Unfortunately, these factors are often not present for women. Three international agreements have been put in place to protect the rights of female workers: ILO Equal Remuneration Convention (No. 100), Discrimination of Employment (No. 111), and Maternity Protection Convention (No. 183). But implementation of these conventions is mixed at best, and social conventions still disempower women in many countries. It’s still legal to discriminate against women in many parts of the world and even when women are equal under the law, the reality is often quite different.

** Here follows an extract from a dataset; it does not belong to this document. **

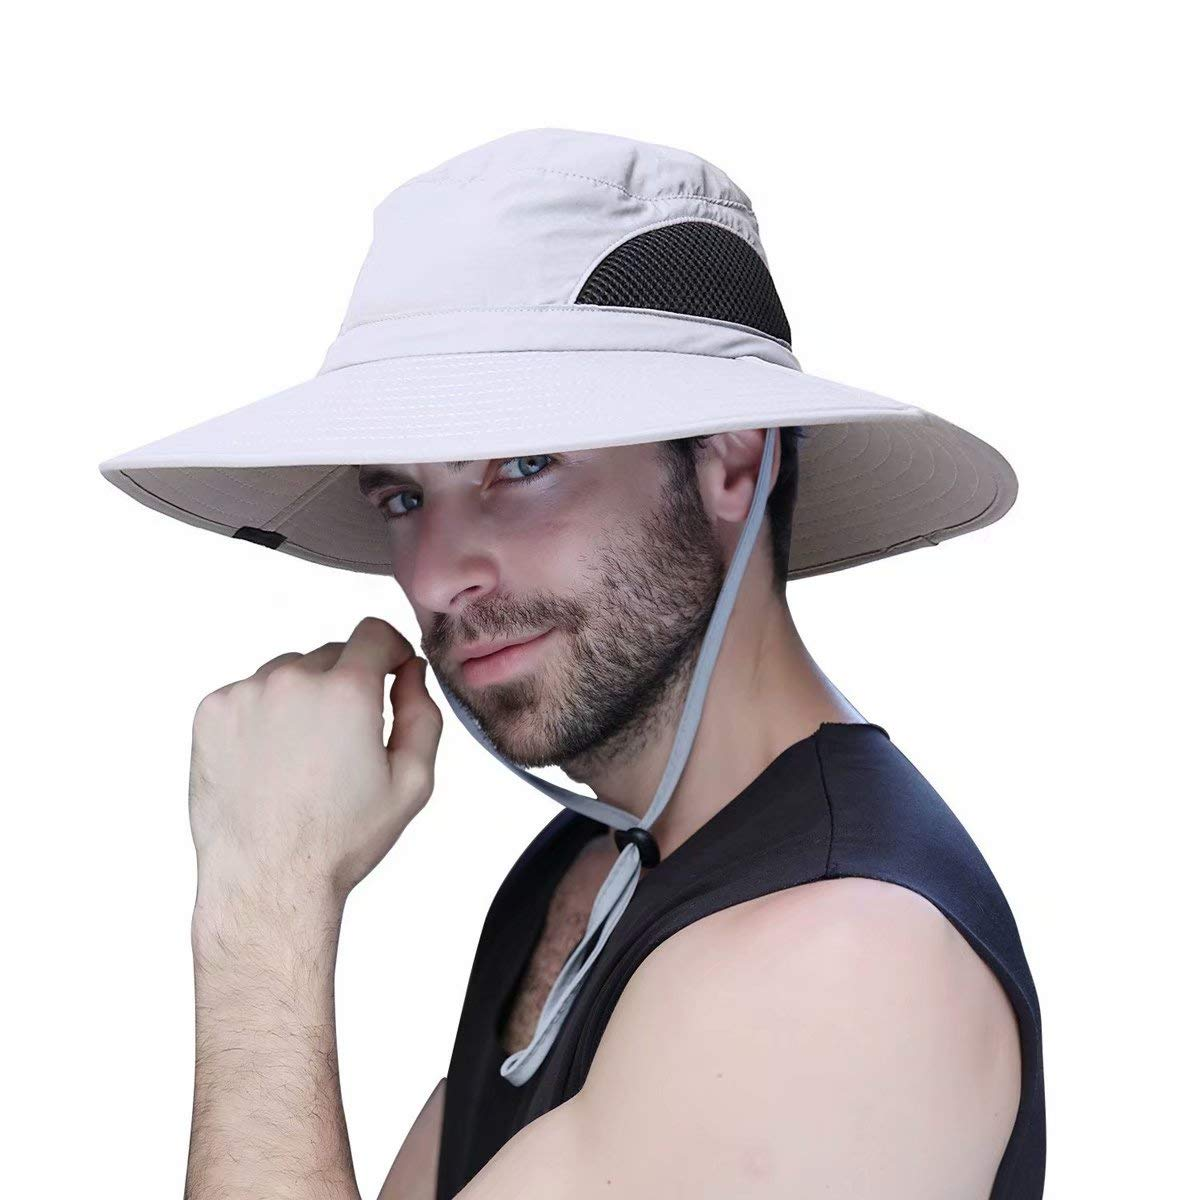 Sombrero Hombre Verano Pescar Excursionismo Pescador de ala Ancha Plegable y Impermeable para el Sol Sombrero de ala Ancha UPF 50+ Anglerhüte
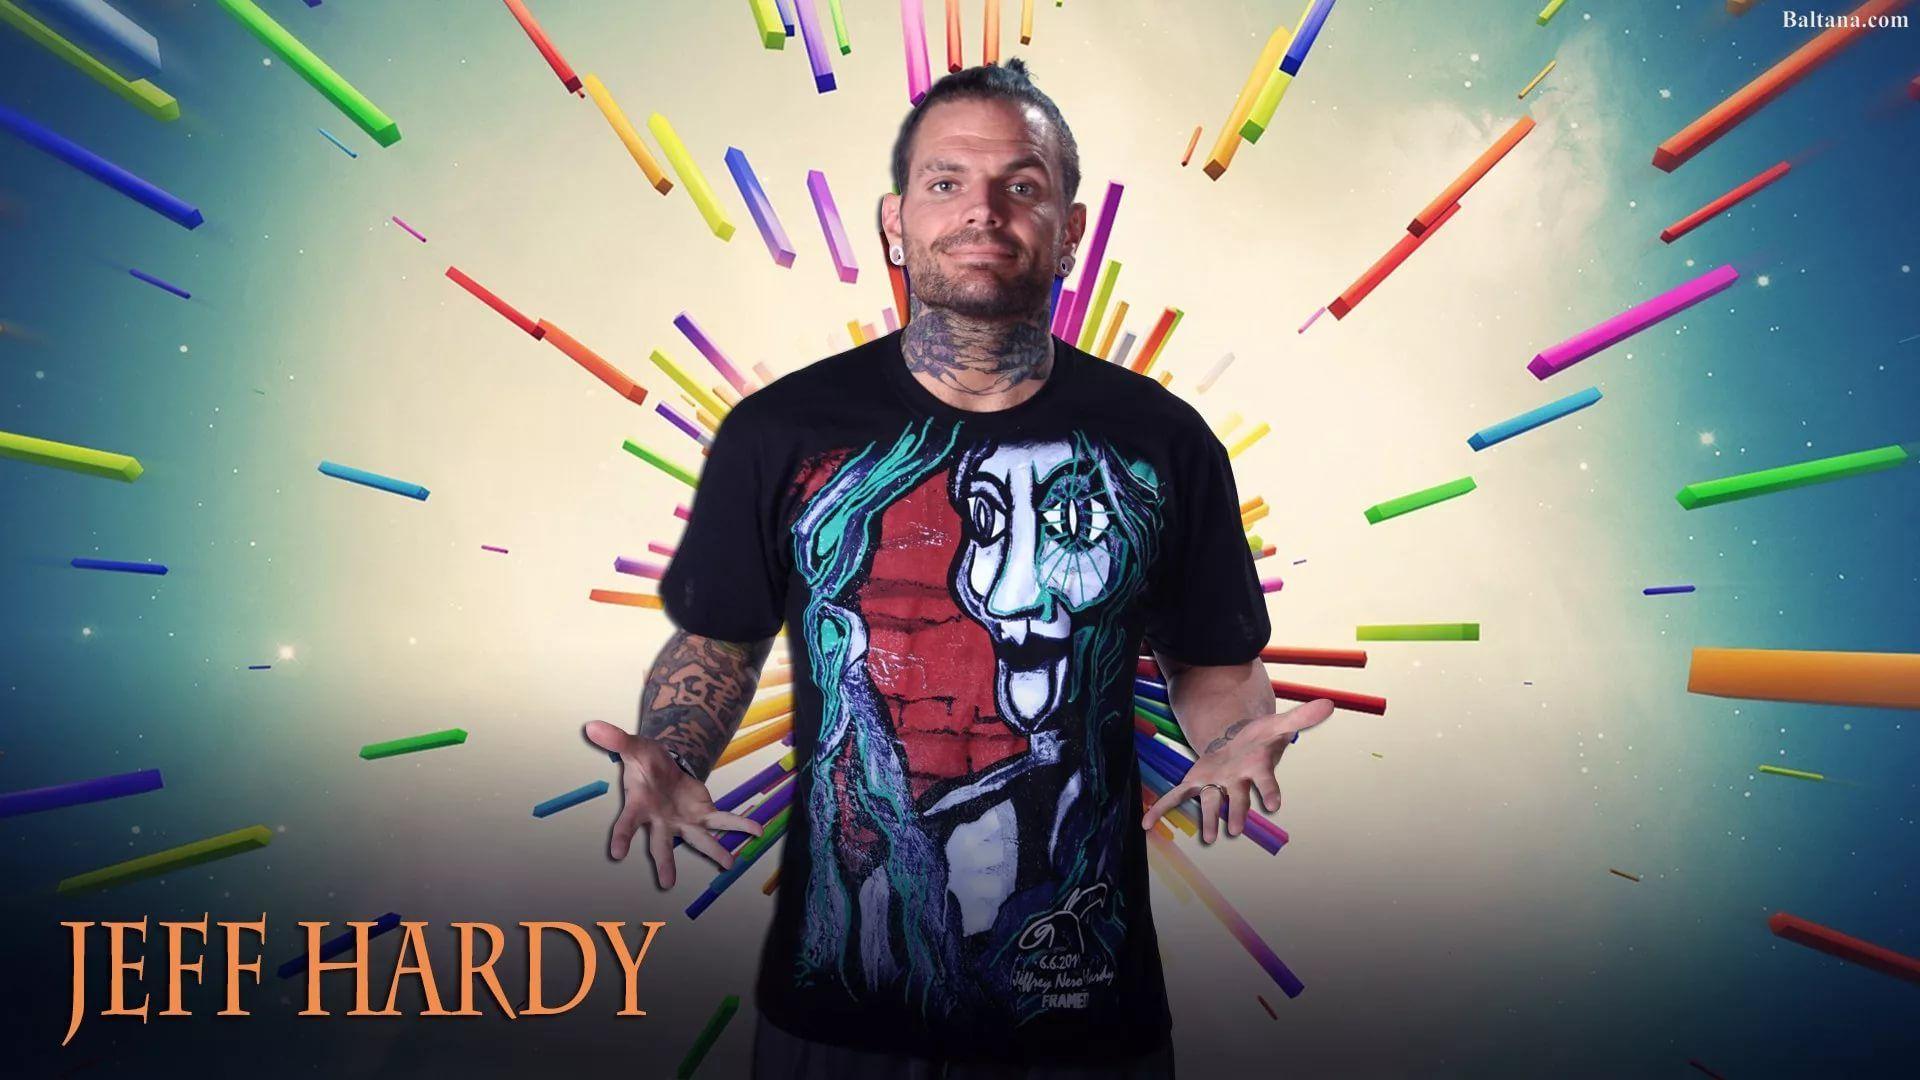 Jeff Hardy good wallpaper hd

Women also have a tradition of leading the way for change to address these issues. In March 1911, a fire broke out on the top floors of the Triangle Shirtwaist factory in New York. Of the 500 workers at the factory—mostly young women—146 died. They inspired a movement, however, that brought together suffragettes, women trade unionists and other concerned activists to create more just labor standards in the United States. A similar situation exists today in Bangladesh, and ILRF is committed to turning these tragedies into opportunity for much-needed labor reforms that lift up the voice of workers in their jobs, at the homes, and in their communities.

 

Labor rights and women’s rights are inherently entwined.

With the international attention focused on the garment industry in South Asia right now, an industry comrpised primarily of female workers, it is an important place to begin promoting women's rights at work on the ground. ILRF is thus leading an effort to advance dialogue on the role of women in the apparel industry. More than 1,500 workers died in less than eight months of 2013 in preventable factory disasters in Pakistan and Bangladesh. Nearly every major brand buying clothes in Bangladesh has now signed on to one or more high-profile, new initiatives to improve factory safety in Bangladesh, where the numbers of workers lost has been greatest. Only one of these agreements, however, requires the kinds of fundamental changes that can reform the apparel industry. The Accord on Fire and Building Safety in Bangladesh requires from signatories a binding commitment to stick with their suppliers to ensure repairs are made and safety measures put in place, with the support and oversight of local and international trade unions. ILRF is committed to encouraging more signatories to the Accord, and applying this method to other dangerous export industries in which women are disempowered.

This effort build off a long history of ILRF work in promoting women’s rights. Since 2006, we have teamed up with partner organizations in developing countries to conduct research and develop strategic domestic work plans. In March 2012, we published the report “Women in the Honduran Melon Industry” which detailed the low wages and occupational safety risks faced by the temporary field workers in packing centers and plantations around Honduras. We followed up the study with urgent email actions. Over 4000 supporters responded, flooding the inbox of the Irish multinational fruit company Suragroh-Fyffes. The company eventually committed to a 20 percent raise for workers, full compliance with Honduran law, clean spaces for workers to eat on lunch break and at least one day off each week.

Free trade agreements: The ILRF also supports the inclusion of anti-discrimination clauses and enforceable labor rights mechanisms in NAFTA, CAFTA, the U.S.-Peru and U.S.-Panama Free Trade Agreements, the African Growth and Opportunity Act, and the Multi Fibre Agreement.